- United States
- Mass.
- Letter
Please pass a law like this. ICE needs their qualified immunity removed.
Under California’s SB 627 (the "No Secret Police Act"), which went into effect on January 1, 2026, officers lose their qualified immunity for a very specific reason: transparency is now a legal requirement for the job.
Here is the breakdown of why they lose that protection:
1. The Legal Violation Prevents Immunity
Qualified immunity is only supposed to protect officers who act "reasonably" and don't violate "clearly established law." Since SB 627 makes it a crime (a misdemeanor) for an officer to obscure their face during routine duties, any officer wearing a mask is now actively breaking the law. You cannot claim the protection of the law while you are in the middle of violating it.
2. The "Willful Violation" Clause
The law specifically states that if an officer "knowingly and willfully" violates the mask ban and then commits a tort (like assault, false arrest, or battery), they are barred from asserting any privilege or immunity in a civil action.
3. Personal Financial Liability
Because they lose that immunity, the officer can be sued personally.

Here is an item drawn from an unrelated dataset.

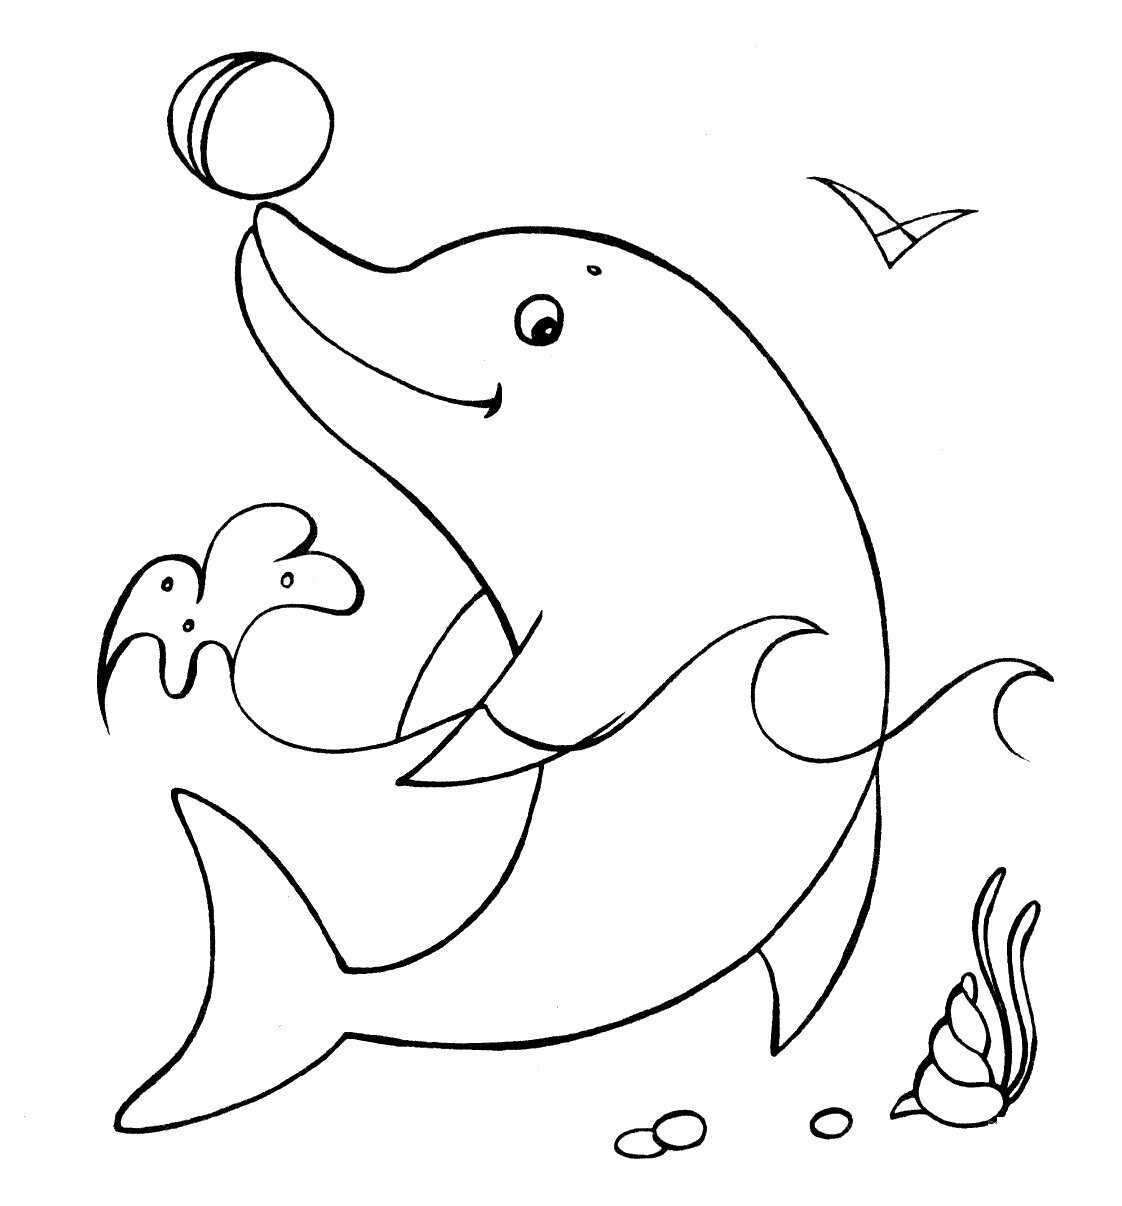 Dolphin playing with ball Coloring Page
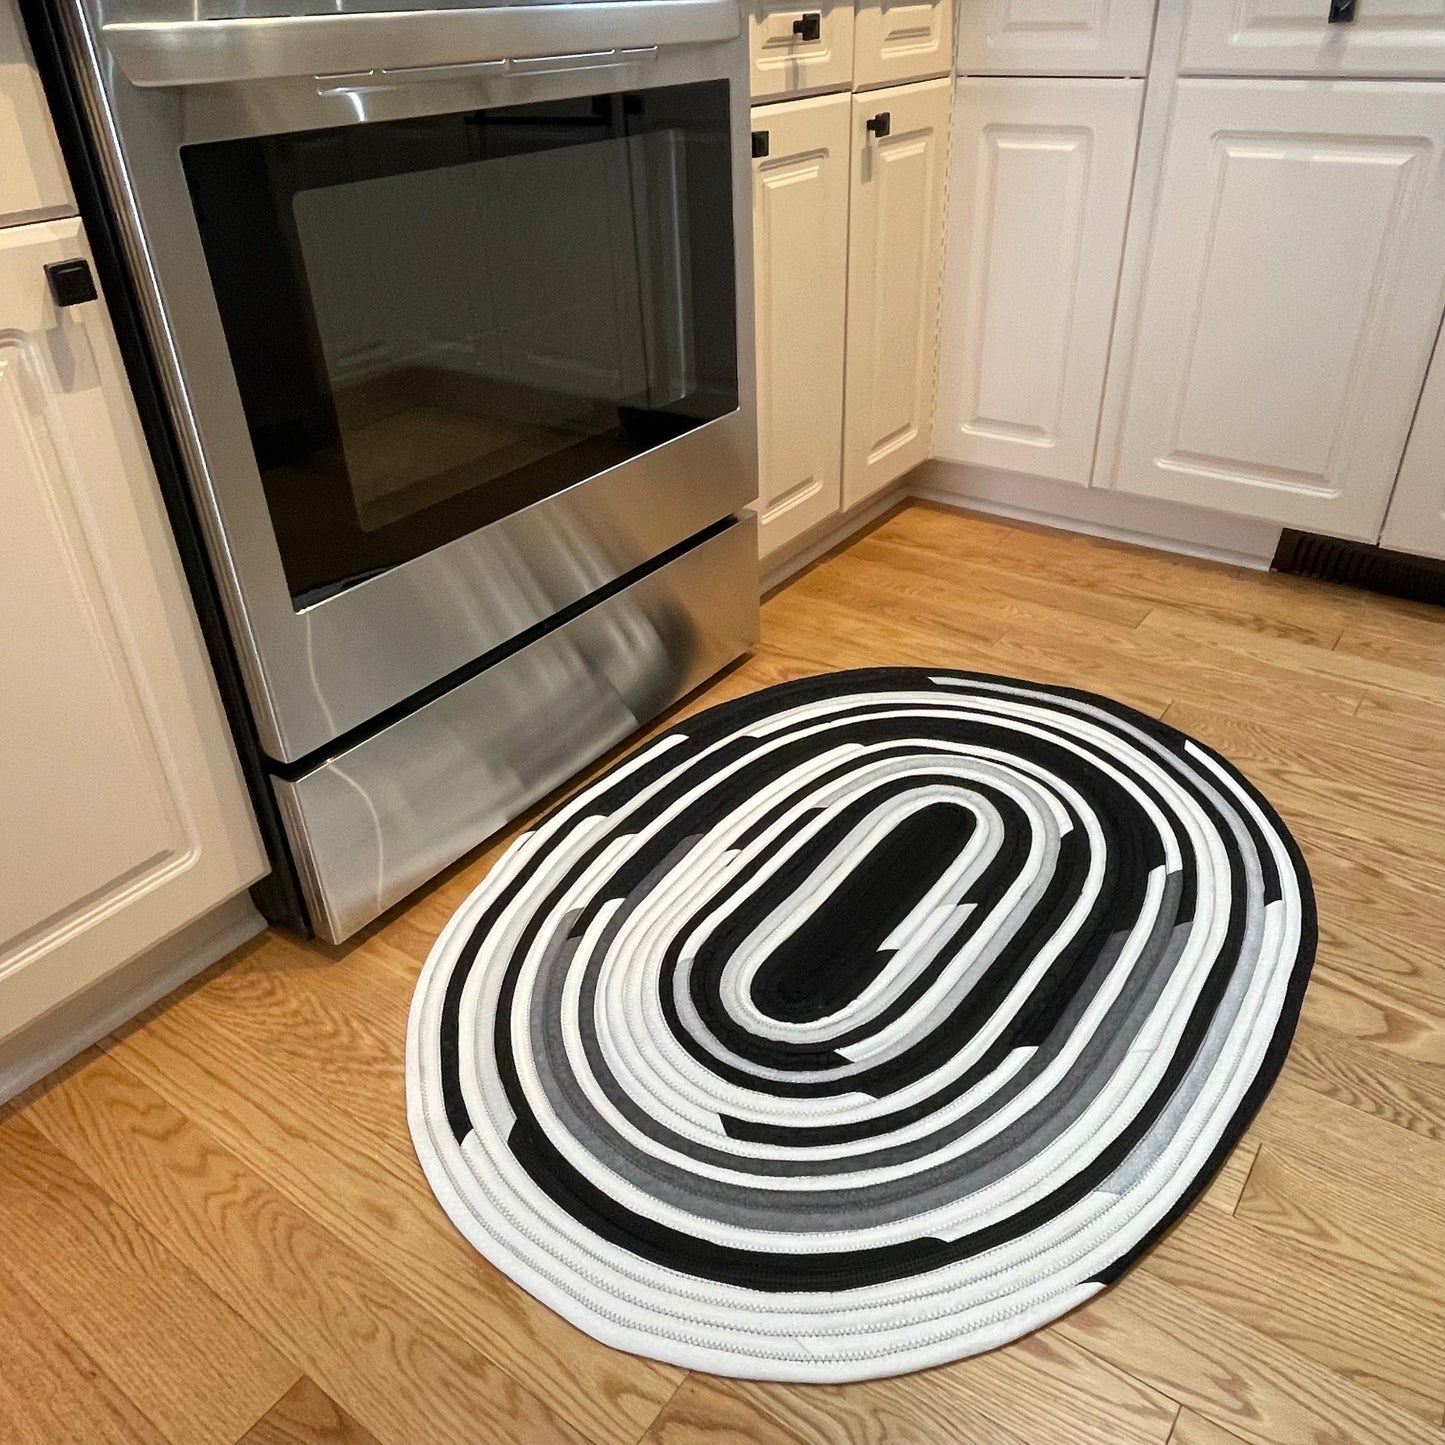 Black and White Kitchen Accent Rug Washable Cotton Rug For Bedside or Bathmat

* Minimum Penalty: The law sets a minimum statutory damage of $10,000 if they are found liable for an offense while masked.
* No Shield: Normally, the government's "qualified immunity" shield would get these lawsuits thrown out before they even start. Now, a citizen can take that officer all the way to trial.
4. Safety vs. Accountability
The law explicitly rejects the argument that "general fear" for safety is enough to justify a mask. It forces a choice: if an agent wants the legal protection of their badge, they must show their face. If they hide their face to avoid being identified, they are treated as an individual acting outside their legal authority, leaving them wide open to lawsuits.